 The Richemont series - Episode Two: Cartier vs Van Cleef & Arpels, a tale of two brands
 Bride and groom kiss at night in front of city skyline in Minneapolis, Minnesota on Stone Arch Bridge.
------------------------------------------------
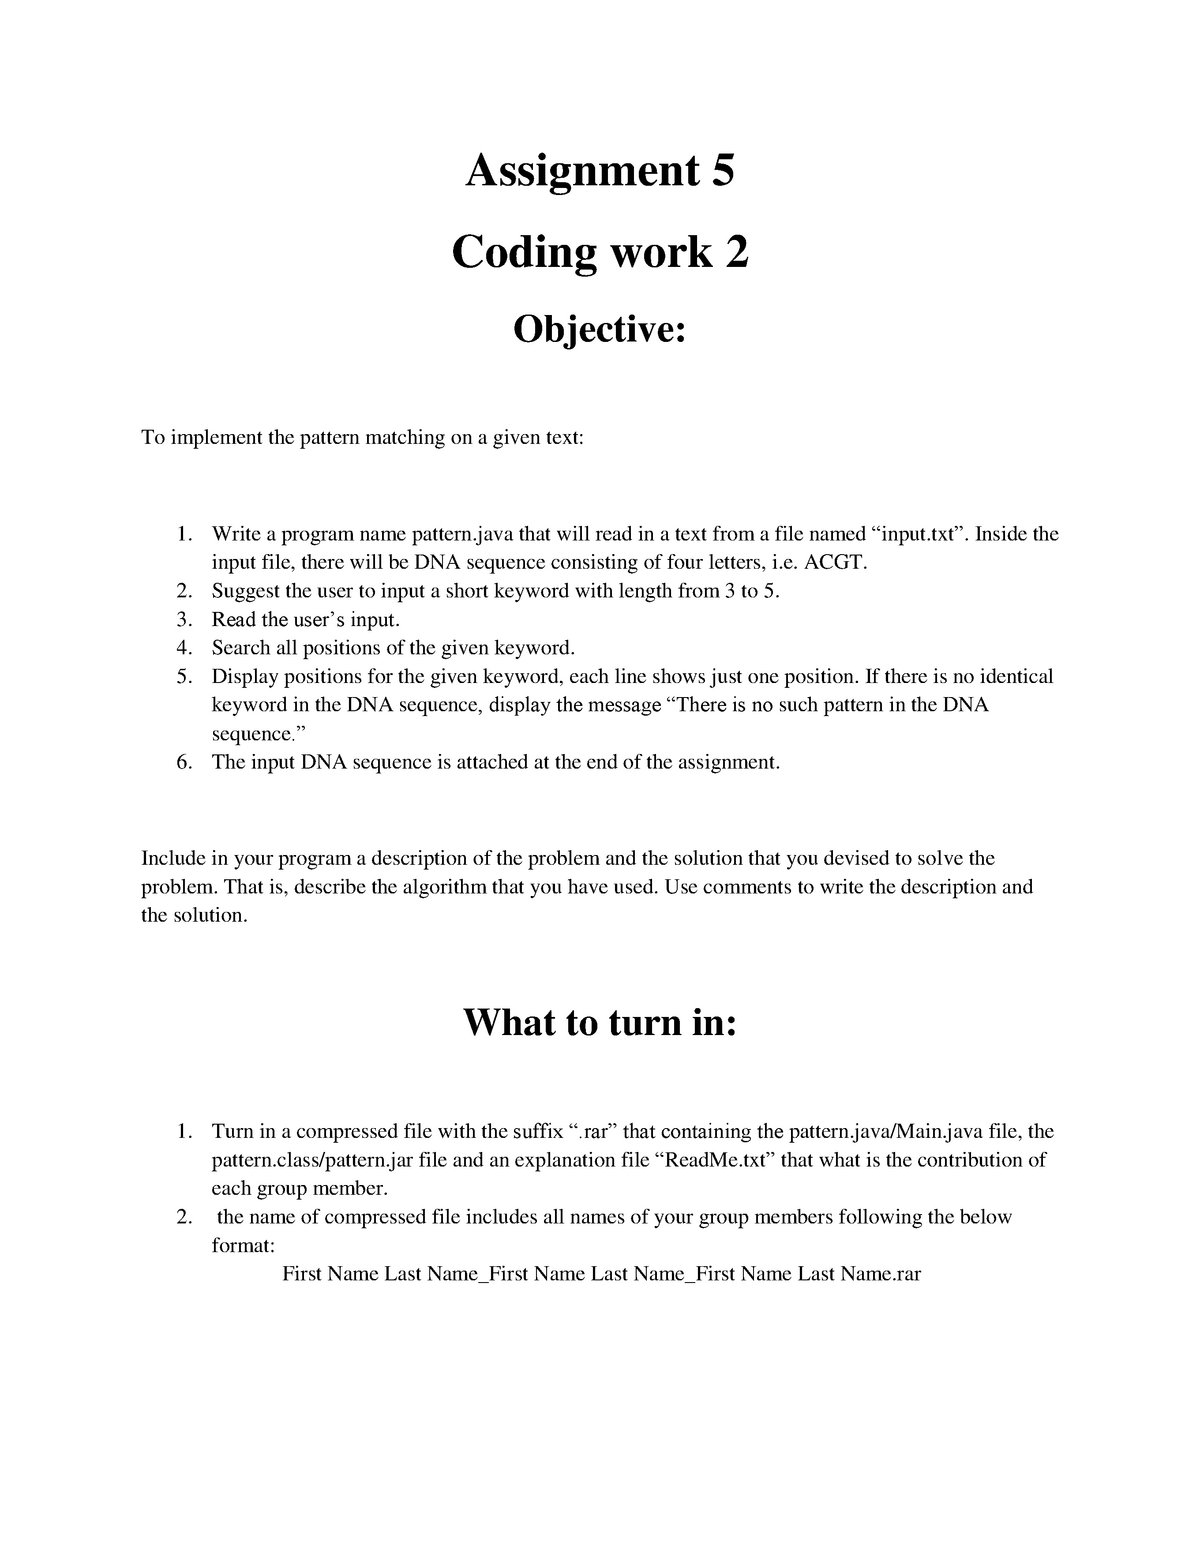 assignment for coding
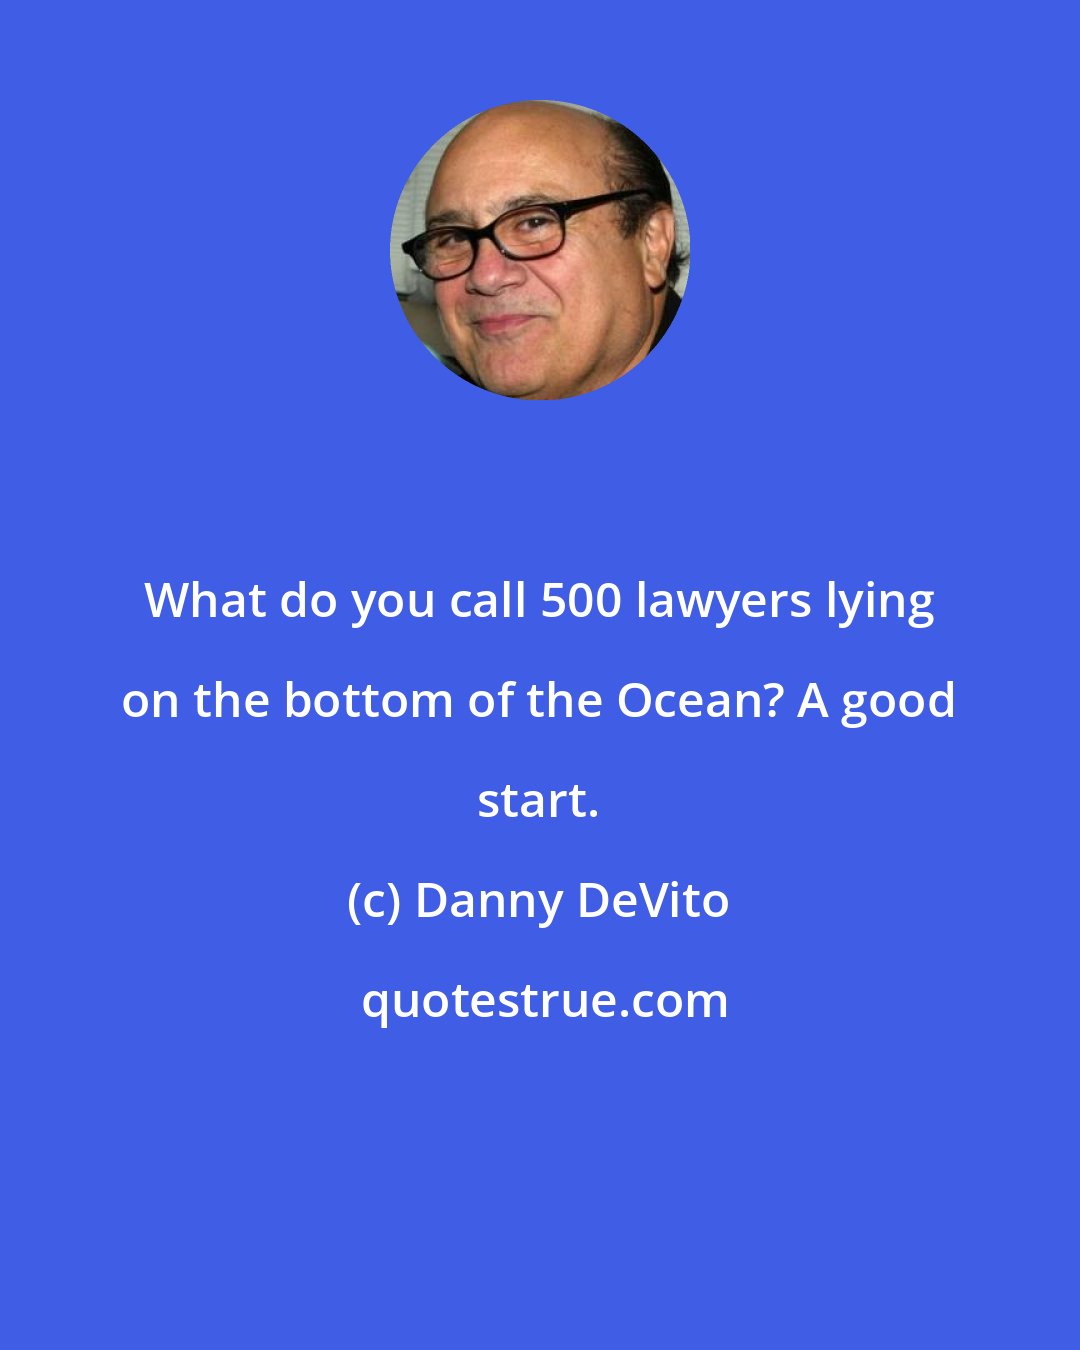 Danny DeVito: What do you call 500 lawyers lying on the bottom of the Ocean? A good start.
------------------------------------------------
Problem to solve – What should come back is an exact copy of the lines above from the line with "assignment for coding" to the line with "Danny DeVito: What", both included, minus the pictures.

Output below –
 assignment for coding
 Danny DeVito: What do you call 500 lawyers lying on the bottom of the Ocean? A good start.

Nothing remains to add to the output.